My data represents the count of mutations by gene in two groups cases and ctrl. I would like to do comparison gene-wise between the two groups. But in my case I don’t think anova is appropriate since count data follows a Poisson distribution.
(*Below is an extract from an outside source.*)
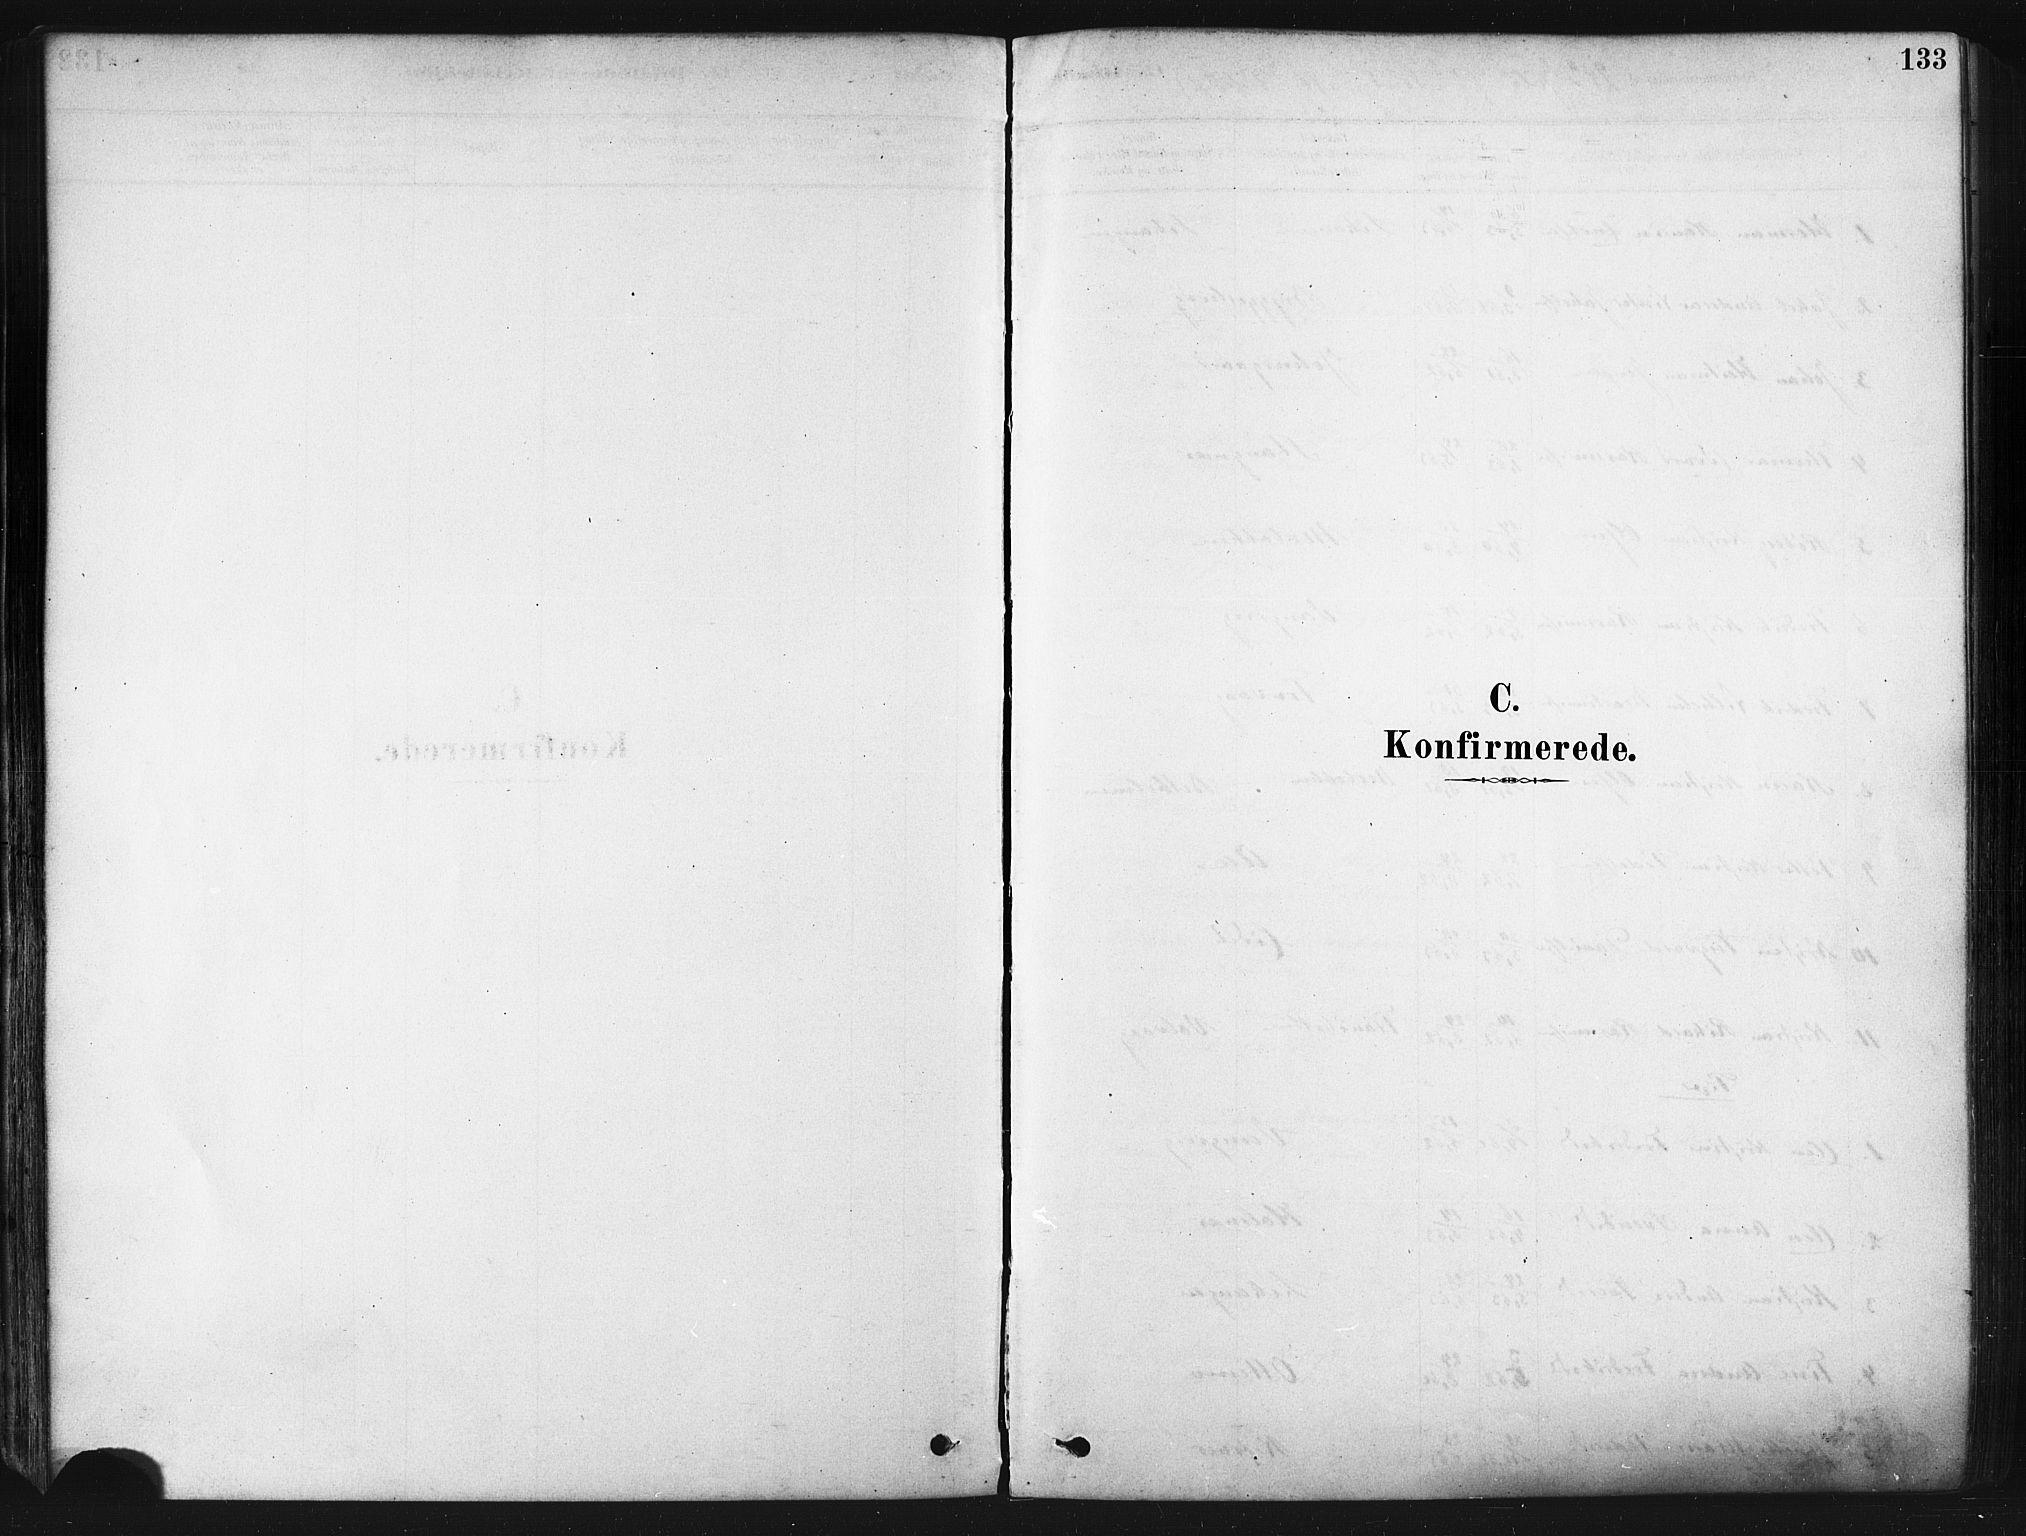 SATØ, Tranøy sokneprestkontor, I/Ia/Iaa/L0009kirke: Parish register (official) no. 9, 1878-1904, p. 133

Here a small subset of my Db, as you can see the samples size (cases and ctrls is different).
gene Samples_ID value Type
AB 1 28 Cases
AB 100 22 Cases
AB 101 36 Cases
AB 102 57 Cases
AB 105 29 Cases
AB 106 25 Cases
AB 108 23 Cases
AB 4928 18 Ctrls
AB 4929 18 Ctrl
AB 4930 24 Ctrl
AB 4931 20 Ctrl
AB 4932 25 Ctrl
AB 4933 15 Ctrl
AB 4934 25 Ctrl
AB 4935 22 Ctrl
AB 4936 30 Ctrl
AB 4937 15 Ctrl
AB 4938 18 Ctrl
AB 4939 21 Ctrl
FG 1 21 Cases
FG 100 16 Cases
FG 101 21 Cases
FG 102 34 Cases
FG 105 22 Cases
FG 106 23 Cases
FG 108 23 Cases
FG 4928 8 Ctrl
FG 4929 3 Ctrl
FG 4930 7 Ctrl
FG 4931 6 Ctrl
FG 4932 5 Ctrl
FG 4933 15 Ctrl
FG 4934 8 Ctrl
FG 4935 11 Ctrl
FG 4936 1 Ctrl
FG 4937 7 Ctrl
FG 4938 6 Ctrl
FG 4939 8 Ctrl
SYU 1 27 Cases
SYU 100 23 Cases
SYU 101 35 Cases
SYU 102 39 Cases
SYU 105 24 Cases
SYU 106 25 Cases
SYU 108 30 Cases
SYU 4928 5 Ctrl
SYU 4929 6 Ctrl
SYU 4930 6 Ctrl
SYU 4931 16 Ctrl
SYU 4932 5 Ctrl
SYU 4933 11 Ctrl
SYU 4934 12 Ctrl
SYU 4935 11 Ctrl
SYU 4936 15 Ctrl
SYU 4937 8 Ctrl
SYU 4938 13 Ctrl
SYU 4939 11 Ctrl
Where "gene" is the gene name, "Samples_ID" represent the patient, "value" is the number of mutation for the given gene, "type" is the group.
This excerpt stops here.